Снится что-то домашнее и приятное, но тут меня начинают трясти за плечо. Пробую отогнать подлое наваждение. Не получается. Открываю глаза и вижу на фоне окна, бледно освещённого почти полной луной, Толика Исакова. Он прикладывает палец к губам и жестами меня куда-то зовёт. Иду. Всё вокруг в каком-то полупрозрачном тумане. Проходим мимо дневального. Он стоит на коленях. Руки на тумбочке, на руках голова. Дневальный спит.
Мы выходим из казармы. С чёрного неба смотрит на нас большая бледная луна. Рядом с луной какие-то зеленоватые всполохи. Толик идёт за здание умывальника к забору. Мы пробираемся через кусты и находим тайный лаз из-за забора на волю. На городской улице темно, до ближайшего фонаря метров пятьдесят. Толик показывает рукой, мол, нам надо к тому фонарю и... И чья-то сильная рука хватает меня за плечо.
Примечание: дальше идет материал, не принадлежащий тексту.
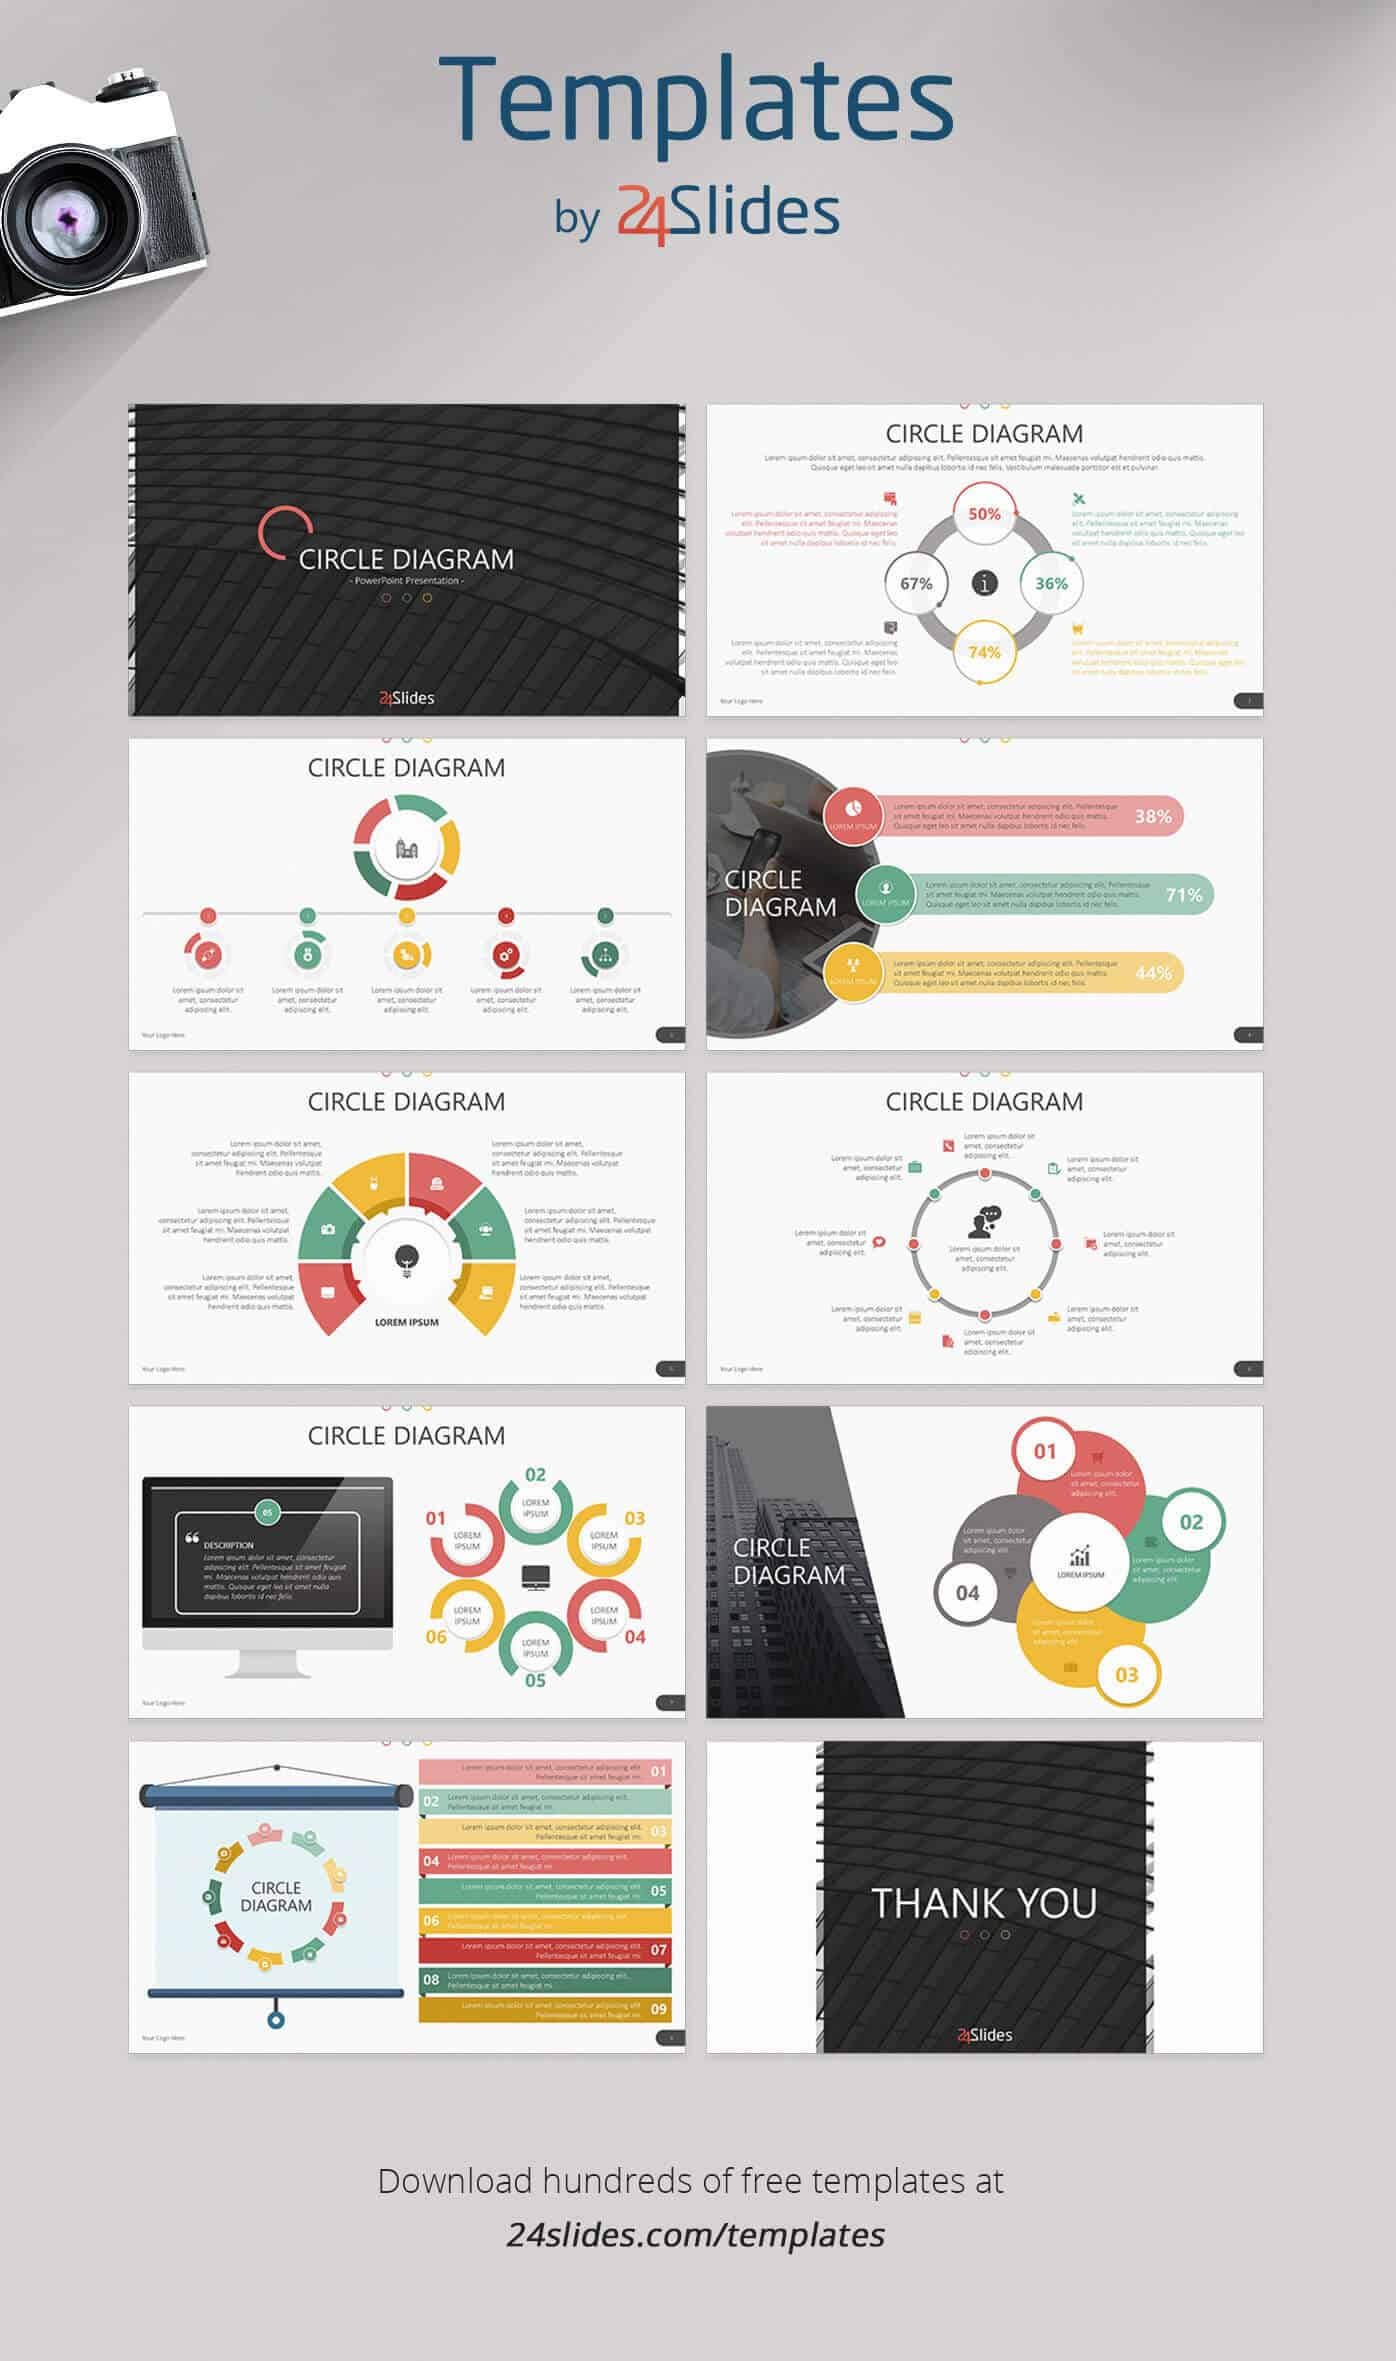 15 Fun And Colorful Free Powerpoint Templates | Present Better Pertaining To Powerpoint Slides Design Templates For Free
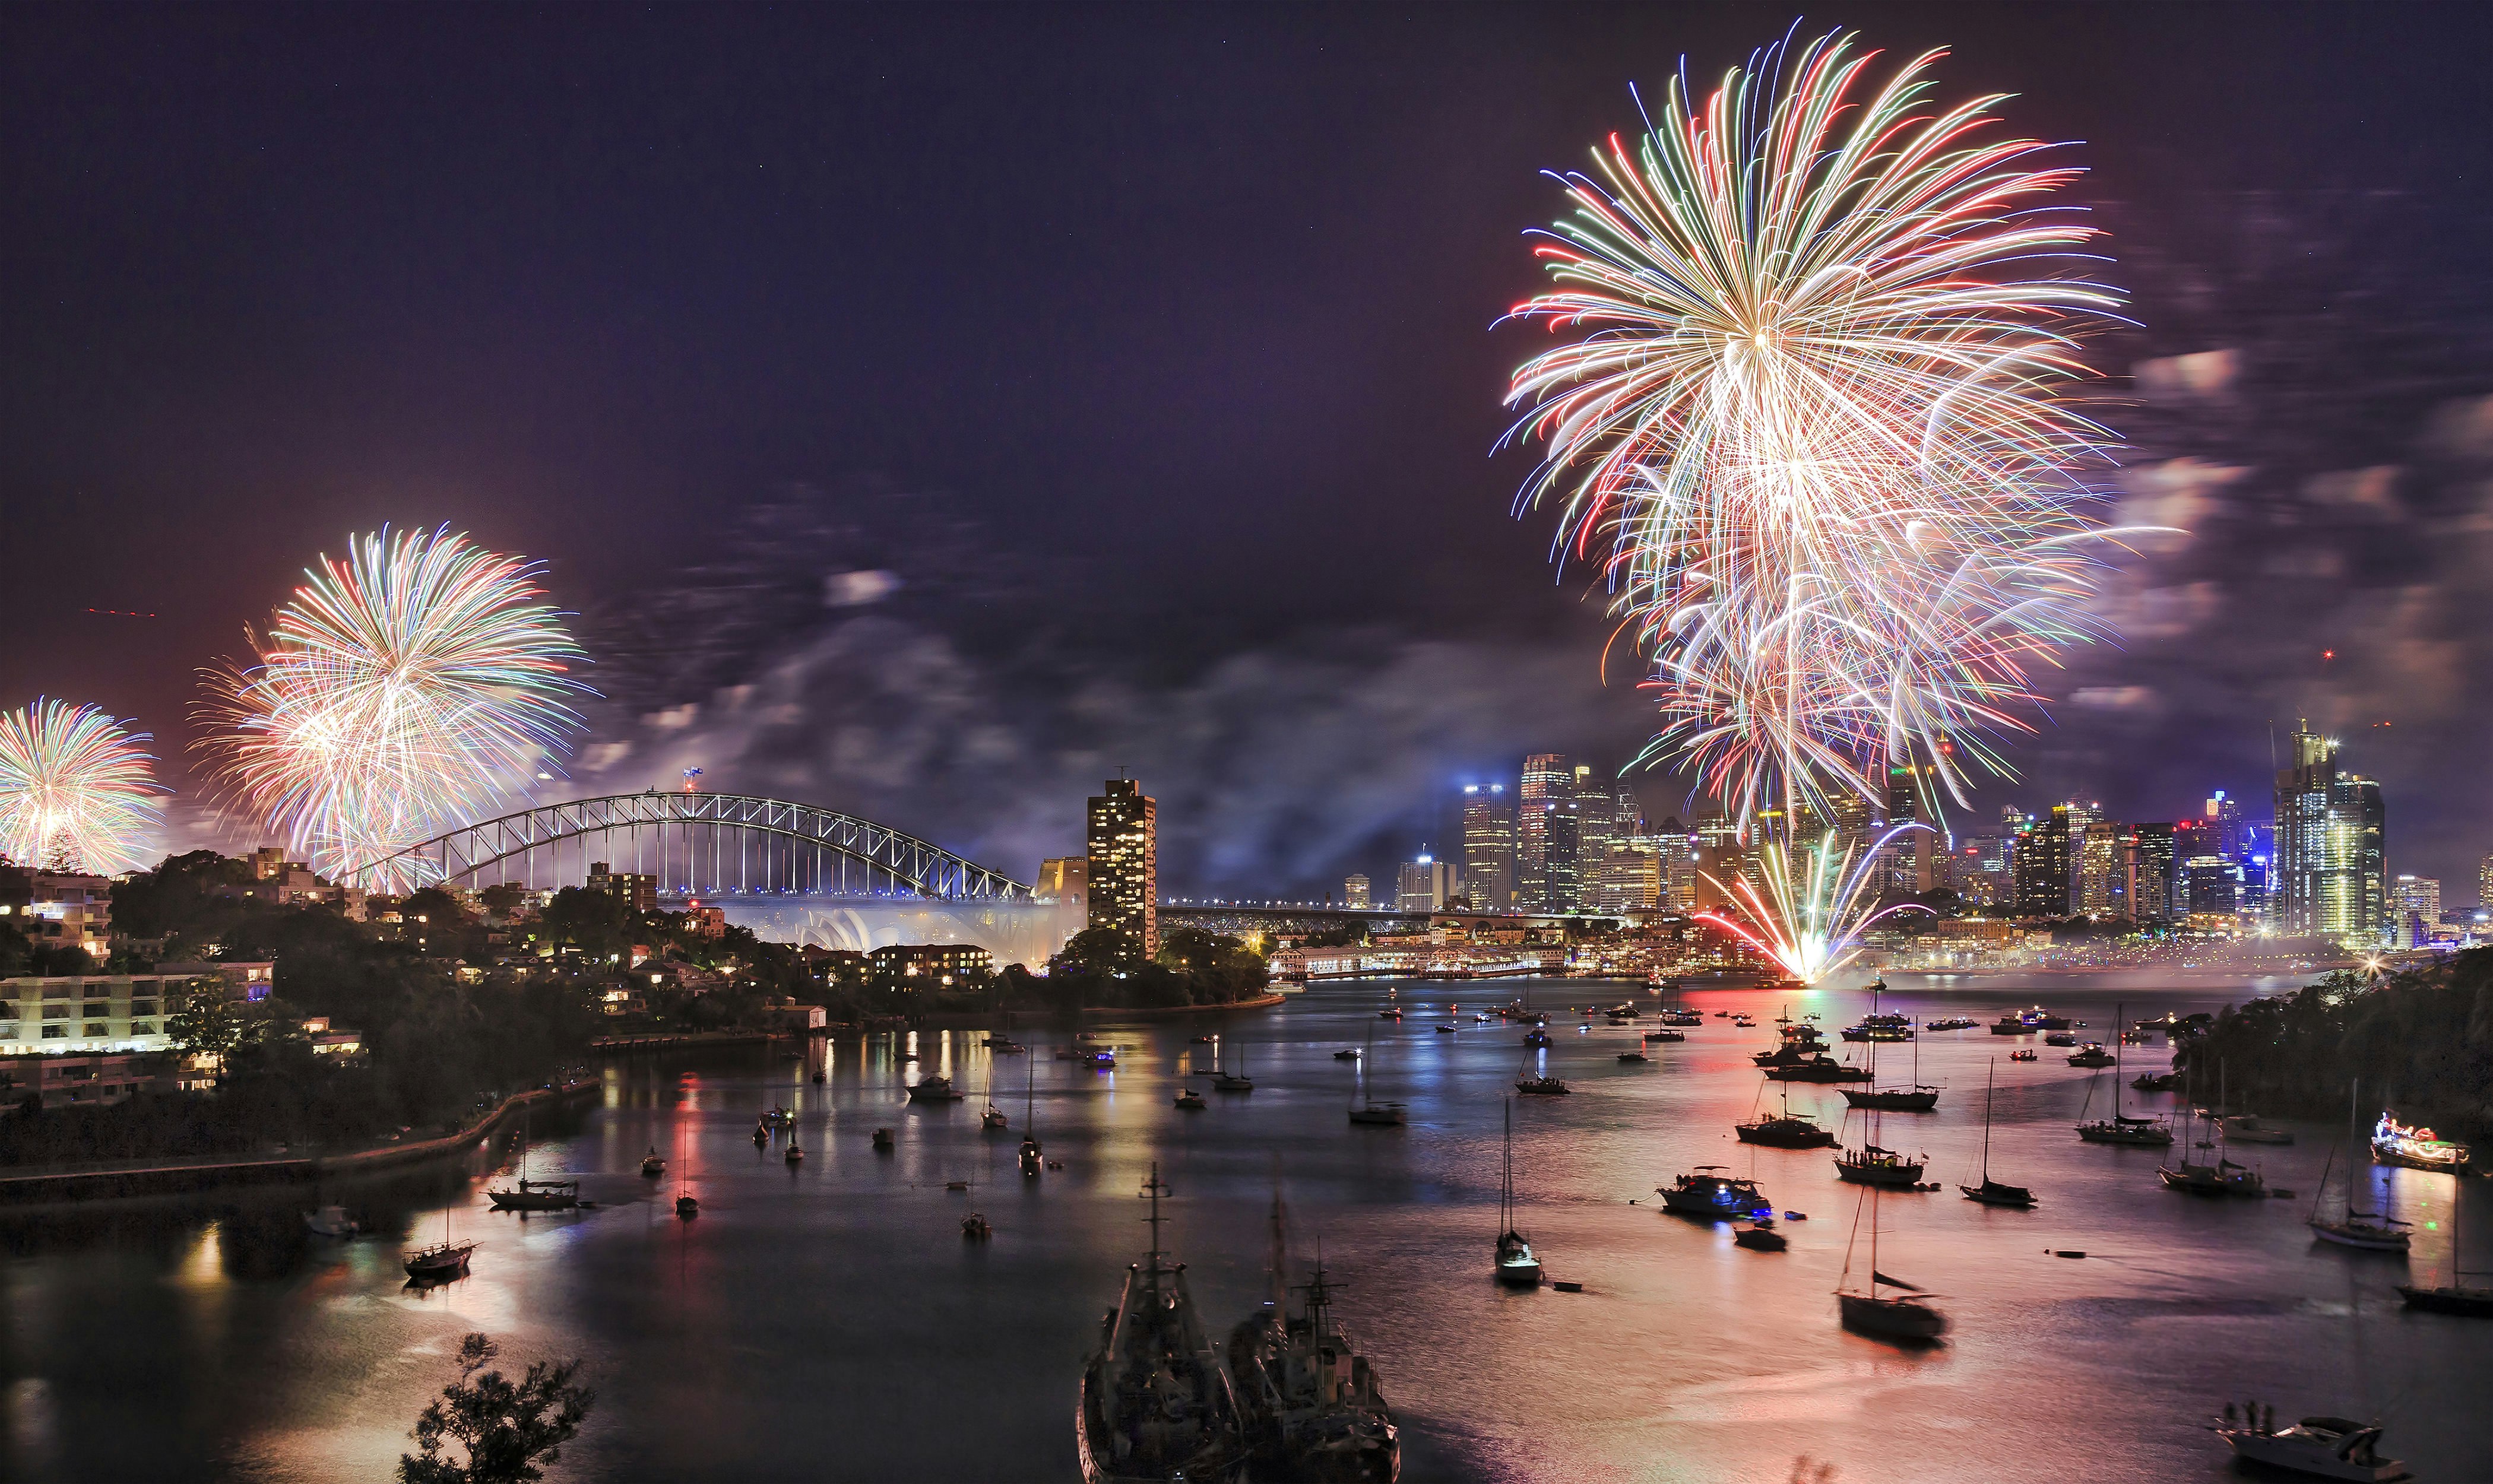 New Year's Eve fireworks explode over Sydney Harbour at night. The harbor is filled with boats, and the Sydney Harbour Bridge and buildings of the CBD can be seen beyond.

Оборачиваюсь! Меня крепко держит слегка поддатый мужик. Узнаю его сразу - это прапорщик из шестой роты. Рядом стоит полная женщина.
- Коля, оставь его, пойдём домой, - уговаривает она прапора, но тот настроен решительно.
- Ты чего, Сима, - ухмыляется он и ещё крепче сжимает мне плечо, - если я сейчас это дело не пресеку, так они совсем оборзеют. На шею сядут, и ножки свесят... Ты их просто не знаешь... Его надо дежурному сдать...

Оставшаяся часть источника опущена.